Harper, Premier Christy Clark and others toured an area where residents from 70 homes were chased out Monday by the flames.
The prime minister thanked all crews and first responders who have been battling wildfires across the country.
“We know these are tough and are sometimes dangerous jobs and these efforts really are appreciated by everybody.”
Harper said he has spoken with Premier Clark and Saskatchewan Premier Brad Wall about the need to discuss what can be done to improve how such devastating fires are fought.
“When the dust settles, so to speak, on all of this we’re obviously going to sit down and assess what new or different needs to be done in the future, what we can do in terms of better co-ordination of resources, mitigation, we’ll look at all those things,” he said.

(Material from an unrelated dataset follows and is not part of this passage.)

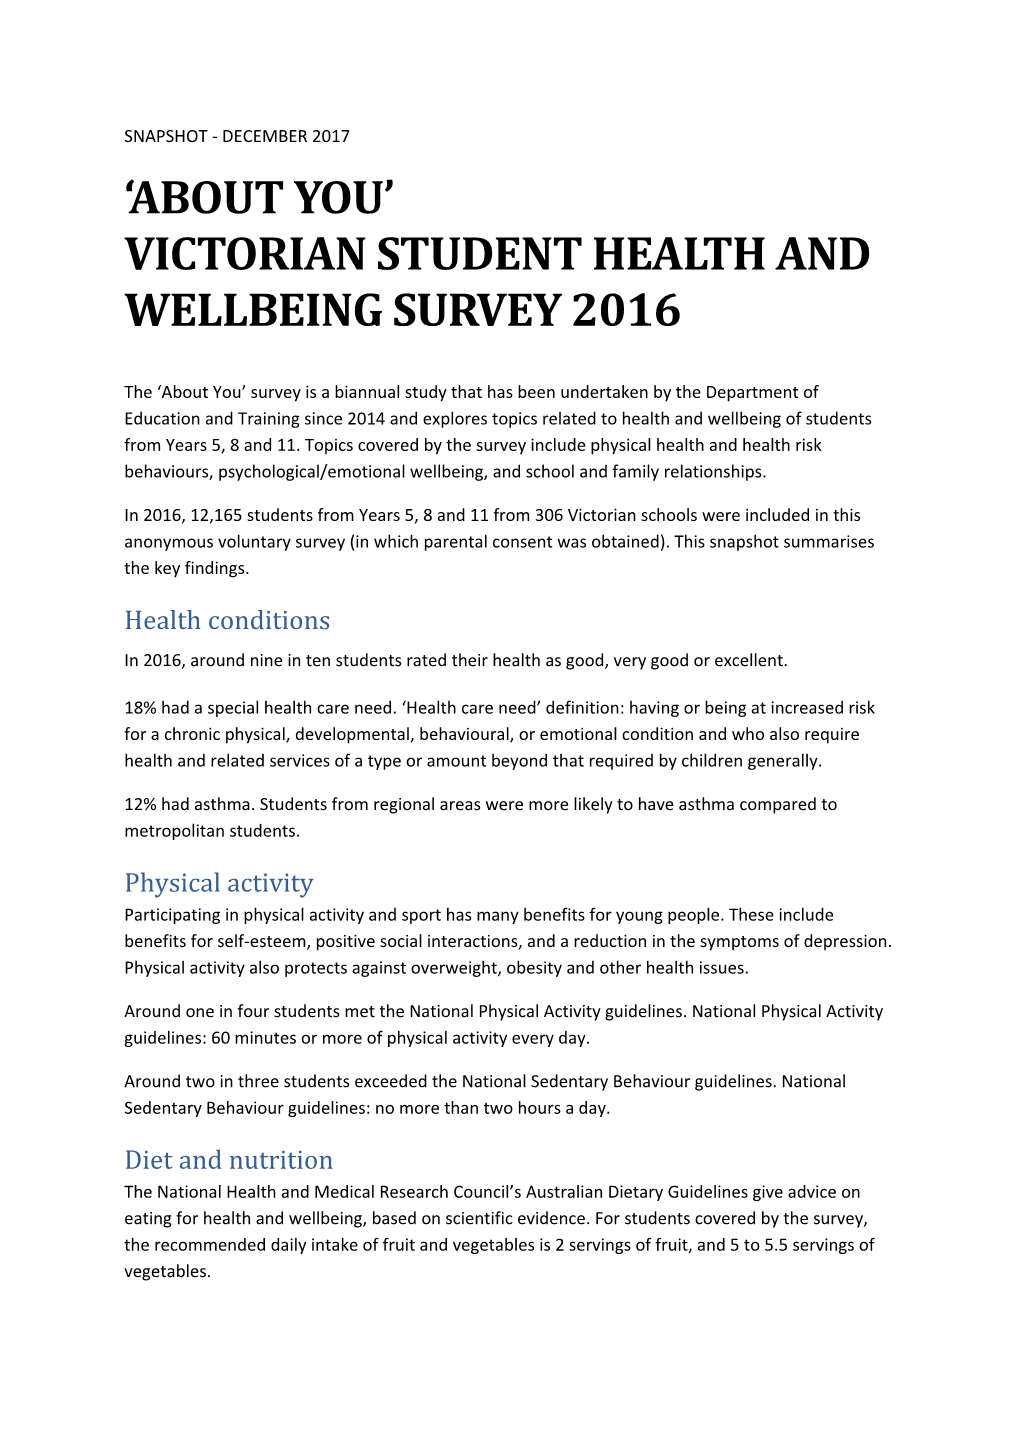 Victorian Student Health and Wellbeing Survey2016

Parts of northern Saskatchewan have been devastated by wildfires that at one point forced thousands of people from their homes.
On Thursday, a thick haze cloaked the Westside Road fire in the Okanagan community. Smoke could be seen billowing from the mountain as water bombers whizzed overhead.
The blaze is one of 250 wildfires currently burning across B.C. A total of 1,314 wildfires have broken out this season.
Fire information officer Noelle Kekula said a short break from hot, dry weather allowed six skimmer aircraft to attack the Westside blaze.
“It was nice and calm this morning, so we were able to use air support lots this morning.”
An incident command team is managing how 60 firefighters, four helicopters and four pieces of heavy equipment are attacking the wildfire.
Evacuees from the fire clutched yellow forms and volunteers carried trays of sandwiches in and out of a temporary evacuation centre set up at the Westside Lions Community Hall Thursday afternoon.
The centre opened on Monday night when the evacuations began. About 60 people have stopped by for help, said acting centre manager Catherine Williams.
“As it goes on people want to get home,” said Williams.
“If they’ve got company coming, they’re not happy about it, but they’re all pretty resilient. We haven’t seen anyone angry. They’ve been really good.”
Claire and George Poitras fled their home near Westside Road Monday evening after Claire looked out the window to see the mountain ablaze.
They didn’t even have time to grab toothbrushes but said they are happy with how the fire has been handled.
“The province has really left no stone unturned,” said George Poitras.
“We’re staying at a Best Western. They’re feeding us well. If it wasn’t so serious, it would be like a vacation.”